During the week ending 30 September 2020 low pressure systems and cold fronts moved over south-eastern Australia and troughs developed across parts of northern Australia and south-western Western Australia, bringing moderate rainfall to parts of Australia. Rainfall totals of between 10 and 50 millimetres were recorded across parts of southern New South Wales, central-eastern Queensland, south-eastern and central South Australia, the south-west and north-east of Western Australia, the north-west of the Northern Territory and much of Victoria and Tasmania. Rainfall in excess of 50 millimetres was recorded across isolated parts of eastern Victoria, the north-west of the Northern Territory and western Tasmania.

In Australia’s cropping regions, rainfall totals of between 5 and 25 millimetres were recorded across parts of southern New South Wales, far northern Queensland and Victoria. Rainfall totals of between 15 and 50 millimetres were recorded across most cropping regions in South Australia. Little to no rainfall was recorded across remaining cropping regions during the week ending 30 September 2020.

These substantial falls in South Australia and parts of New South Wales and Victoria are likely to support yield prospects, benefit pasture growth and boost soil moisture, particularly in South Australia.

Rainfall for the week ending 30 September 2020

Map showing weekly rainfall totals in Australia. Image provided by the Bureau of Meteorology. Please refer to accompanying text for a more detailed description.

©Commonwealth of Australia 2020, Australian Bureau of Meteorology - Issued: 30/09/2020

Note: The rainfall analyses and associated maps utilise data contained in the Bureau of Meteorology climate database, the Australian Data Archive for Meteorology (ADAM). The analyses are initially produced automatically from real-time data with limited quality control. They are intended to provide a general overview of rainfall across Australia as quickly as possible after the observations are received. For further information go to http://www.bom.gov.au/climate/rainfall/

Monthly rainfall

September 2020 rainfall was above average to well above average across large parts of northern, eastern and southern Australia, and below average across parts of south-western Australia and isolated parts of south-eastern Australia.

Across most cropping regions, September  2020 rainfall totals were generally average. Rainfall totals for the first two weeks of September were moderate and contained over limited cropping regions, mainly benefitting those in parts of Western Australia, north-eastern New South Wales, central Queensland and south-western Victoria. This was followed by significant rainfall across parts of eastern and southern cropping regions, particularly in New South Wales. This rainfall supported favourable yields and pasture growth, and provided a boost to soil moisture. In contrast, in regions that recorded below average rainfall during winter and have low soil reserves, particularly Western Australia, the low September rainfall totals are likely to be a concern for yield and pasture production as temperatures increase.

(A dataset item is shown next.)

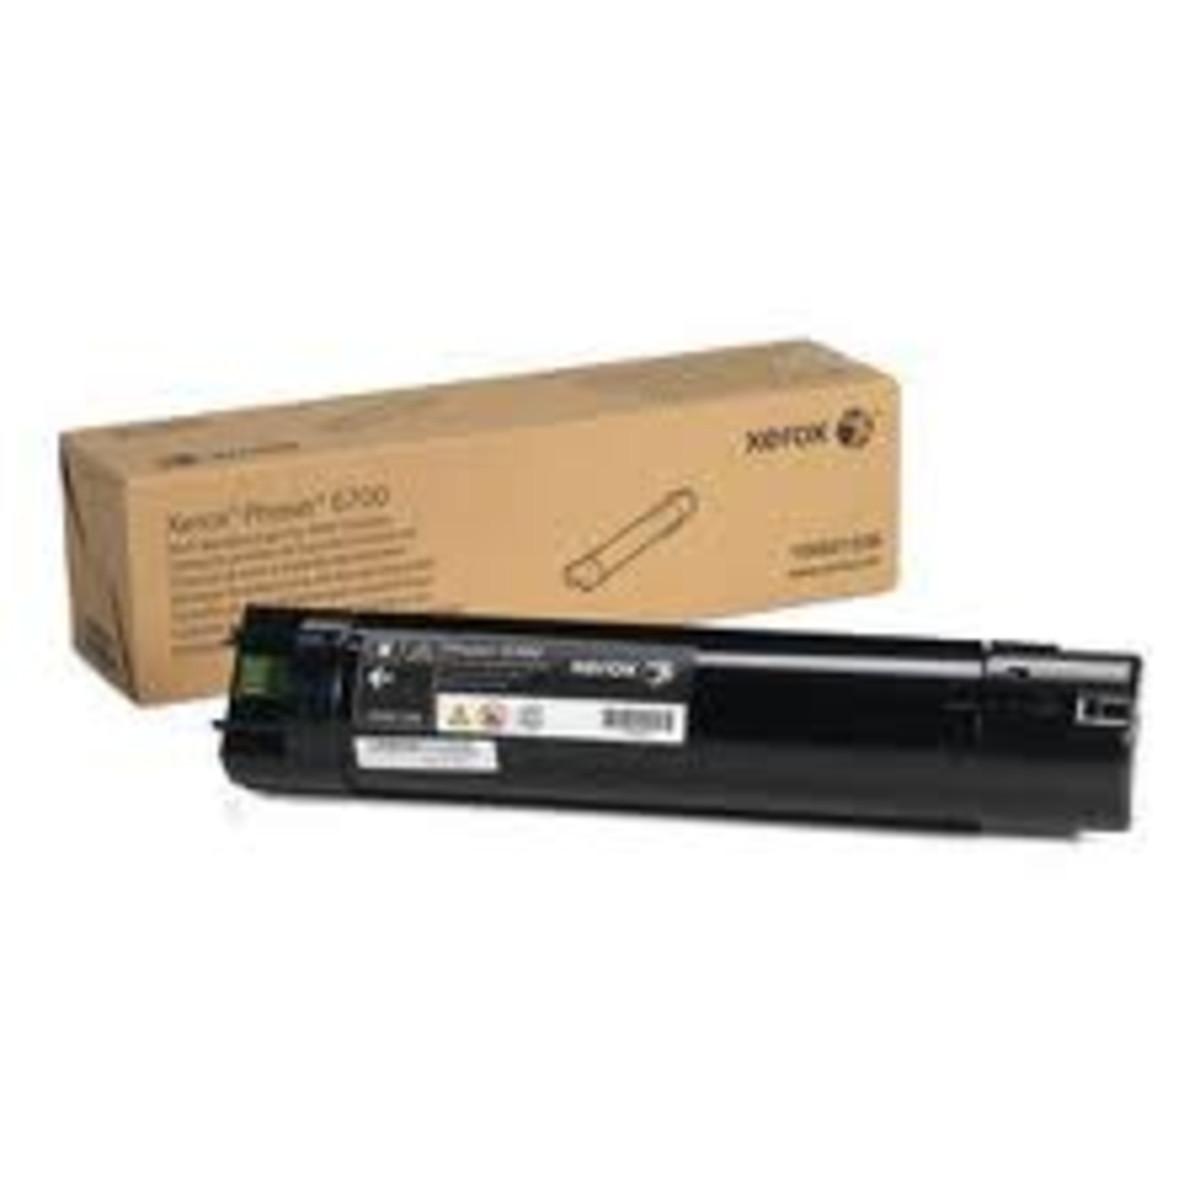 Xerox 106R01518 Black Toner Cartridge

During the remainder of the month, moderate rainfall was recorded across cropping regions in parts of southern New South Wales and southern Victoria, much of South Australia and scattered parts of northern Queensland. In most parts of Victoria and South Australia that had generally recorded average or lower September rainfall, these falls provided a boost to soil moisture, and stabilised crop yield potential and pasture growth rates.

Rainfall percentiles for September 2020

Map showing the rainfall percentiles for September 2020 in Australia. Image provided by the Bureau of Meteorology. Please refer to accompanying text for a more detailed description.

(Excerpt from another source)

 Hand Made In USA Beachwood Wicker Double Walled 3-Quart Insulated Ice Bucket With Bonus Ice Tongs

Source: Bureau of Meteorology
Note: Rainfall for September 2020 is compared with rainfall recorded for that period during the historical record (1900 to present). For further information, go to http://www.bom.gov.au/jsp/awap/

Monthly soil moisture

Upper layer soil moisture in September  2020 was above average to extremely high for this time of year across large parts of northern Australia and parts of eastern and southern Australia, largely reflecting rainfall patterns during the month. Soil moisture was average across much of south-eastern and central Australia, with extremely low to well below average soil moisture in parts of south-western Australia. Upper layer soil moisture is important at the beginning of the summer cropping season since plant germination and establishment utilise this moisture.

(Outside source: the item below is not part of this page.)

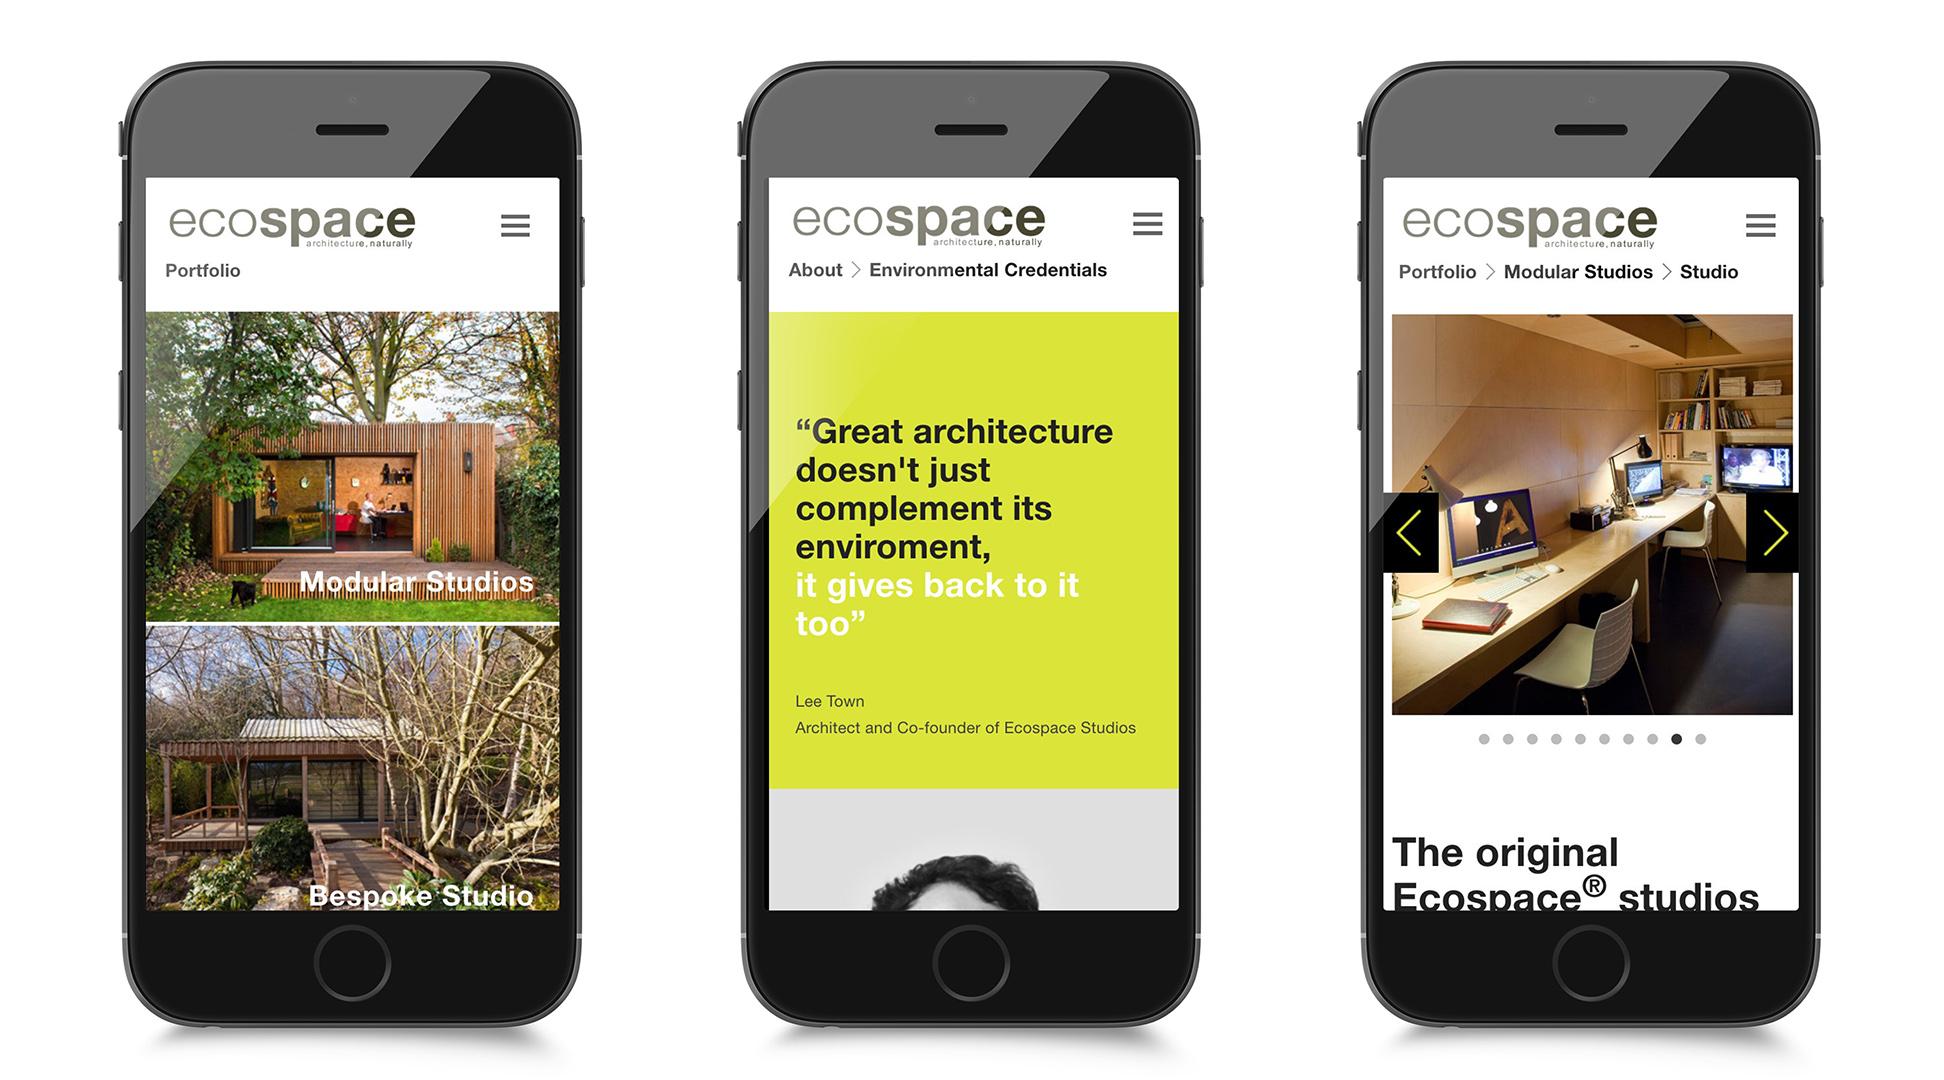 Ecospace-Tamassy-iPhone6

Relative upper layer soil moisture was generally average for this time of year across cropping regions in New South Wales, Queensland, Victoria, South Australia and parts of Western Australia. Upper layer soil moisture was extremely low to well below average across cropping regions in parts of south-eastern Queensland, eastern Victoria and the east and north of the Western Australia wheat belt.

Modelled upper layer soil moisture for September 2020

Map showing the upper layer soil moisture for September 2020 in Australia. Image provided by the Bureau of Meteorology. Please refer to accompanying text for a more detailed description.

Source: Bureau of Meteorology (Australian Water Resources Assessment Landscape model)
Note: This map shows the levels of modelled upper layer soil moisture (0 to 10 centimetres) during September 2020. This map shows how modelled soil conditions during September 2020 compare with September conditions modelled over the reference period (1911 to 2016). Dark blue areas on the maps were much wetter in September 2020 than during the reference period. The dark red areas were much drier than during the reference period. The bulk of plant roots occur in the top 20 centimetres of the soil profile. Soil moisture in the upper layer of the soil profile is therefore useful indicator of the availability of water, particularly for germinating seed.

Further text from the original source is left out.